Я не нашелся вдруг что отвечать — так меня озадачил собеседник. В том, что он говорил, слышалось столько искренности, столько правды, что сразу трудно было отличить в его словах истину от увлечения. Я до сих пор твердо верил, что одни знатоки могут говорить об искусстве, что только их отзывы имеют значение и цену. И вот эту мою уверенность старались поколебать! Я неохотно поддавался искушению, и требование собеседника казалось мне чрезвычайно странным, чтоб не сказать более.
После мы не раз встречались опять с тем же художником, и, когда ни заходила между нами речь о том же предмете, он твердо стоял на своем и разговоры свои со мной всегда оканчивал теми же словами: пишите, пишите.

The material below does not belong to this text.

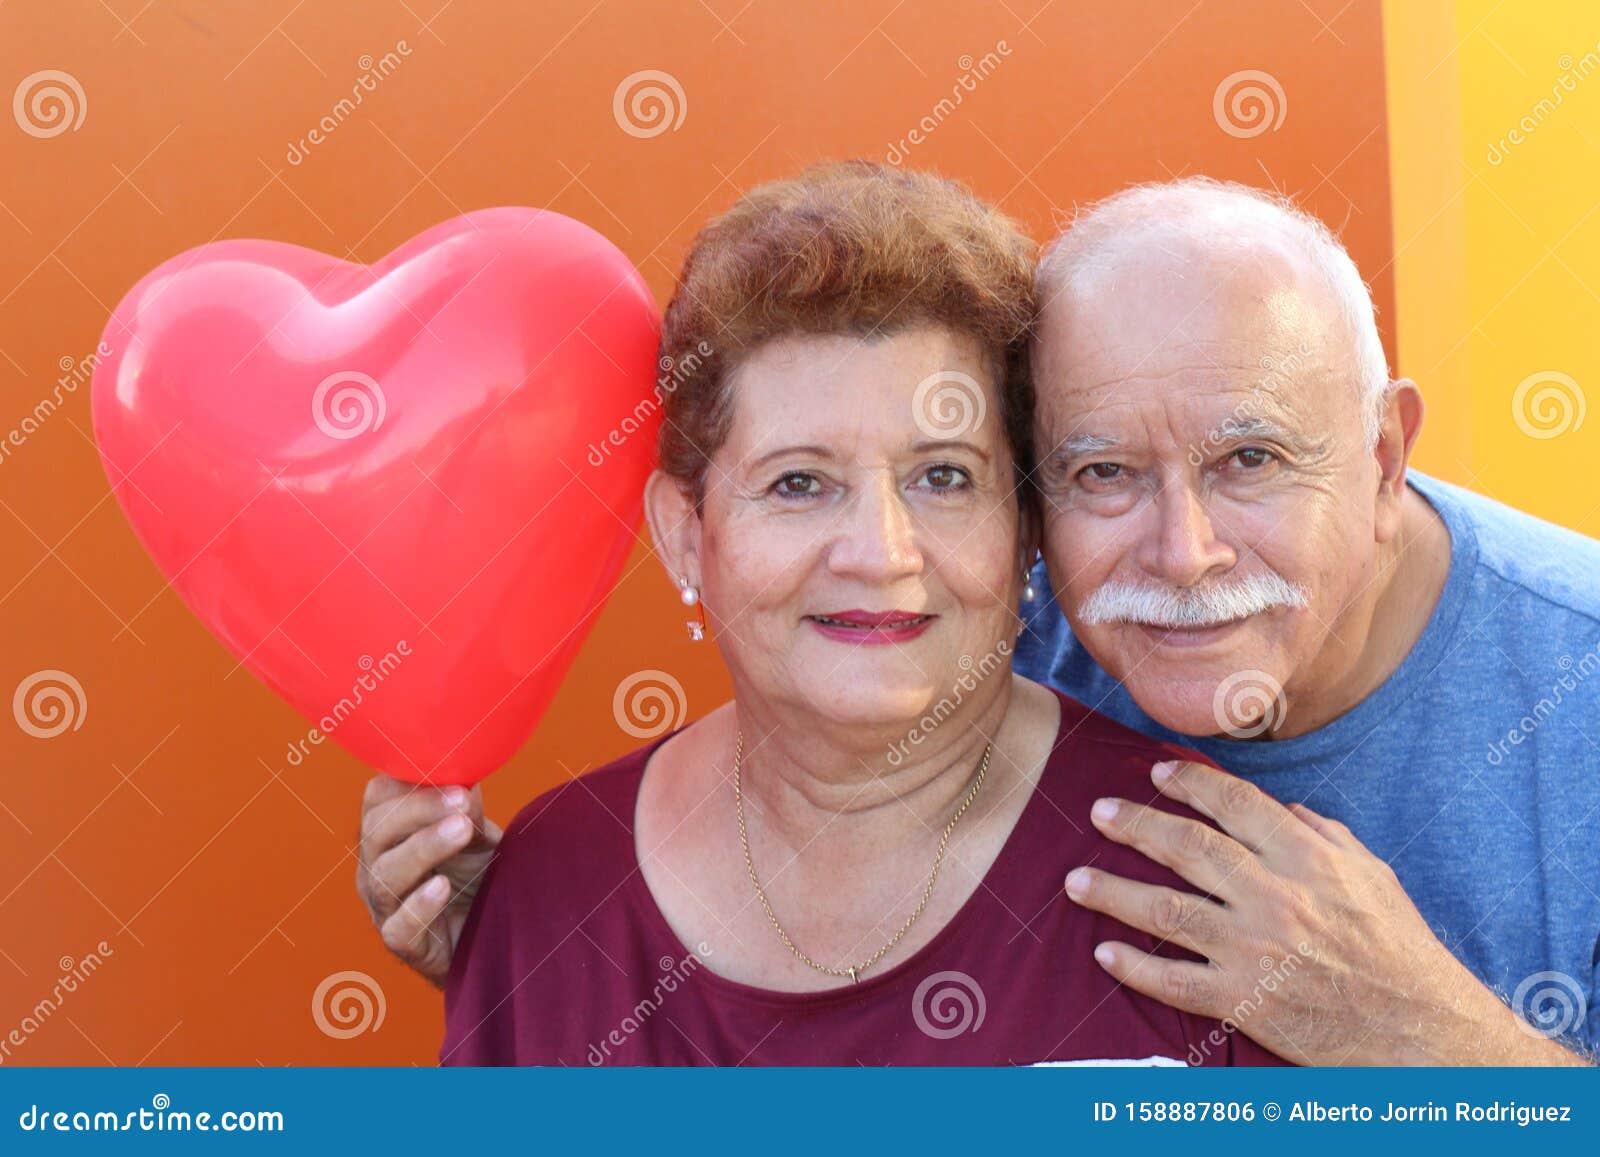 senior latino couple holding a heart balloon

Я задумался. Публика — это нечто разнокалиберное, неспетое. Из нее раздаются тысячи голосов и ни один не похож на другой. В каком же смысле ее впечатления могут быть полезны художнику, служить делу искусства? Эта мысль стала меня занимать.
Не раз, сидя один, я старался припомнить впечатления картин, виденных на наших выставках, и разговоры, какие случалось вести и слышать по их поводу. Но через длинный ряд годов все перемешалось и спуталось в моей памяти; иное совсем изгладилось, другое удержалось, но бледно и смутно; лишь немногое сохранилось отчетливо, ясно. Виденное и слышанное на разных выставках как-то причудливо слилось в один ряд воспоминаний, а то, что происходило в одно время, разбилось на разные ряды; приятельские разговоры у себя дома и в гостях перенеслись на выставки, а то, что я здесь слышал, приплелось к приятельскому вечеру или к беседе за чайным столом. Возобновить в воспоминании обстановку и последовательность впечатлений не было никакой возможности.

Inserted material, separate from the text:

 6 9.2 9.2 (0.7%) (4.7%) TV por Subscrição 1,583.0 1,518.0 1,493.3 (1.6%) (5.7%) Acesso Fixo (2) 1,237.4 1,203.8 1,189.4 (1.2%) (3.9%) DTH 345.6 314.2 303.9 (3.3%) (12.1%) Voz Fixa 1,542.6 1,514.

Помнится, около одной картины, изображавшей нагую красавицу, собралась кучка солидных людей, которые пожирали ее глазами и передавали друг другу свои впечатления совсем не эстетического свойства. Отзывами этих господ художник мало бы покорыстовался — в интересах искусства.
Припомнилось также, как около одного пейзажа кто-то с апломбом объяснял даме, что художник злоупотребил красной охрой и имей он ее меньше на своей палитре, эффект был бы гораздо лучше.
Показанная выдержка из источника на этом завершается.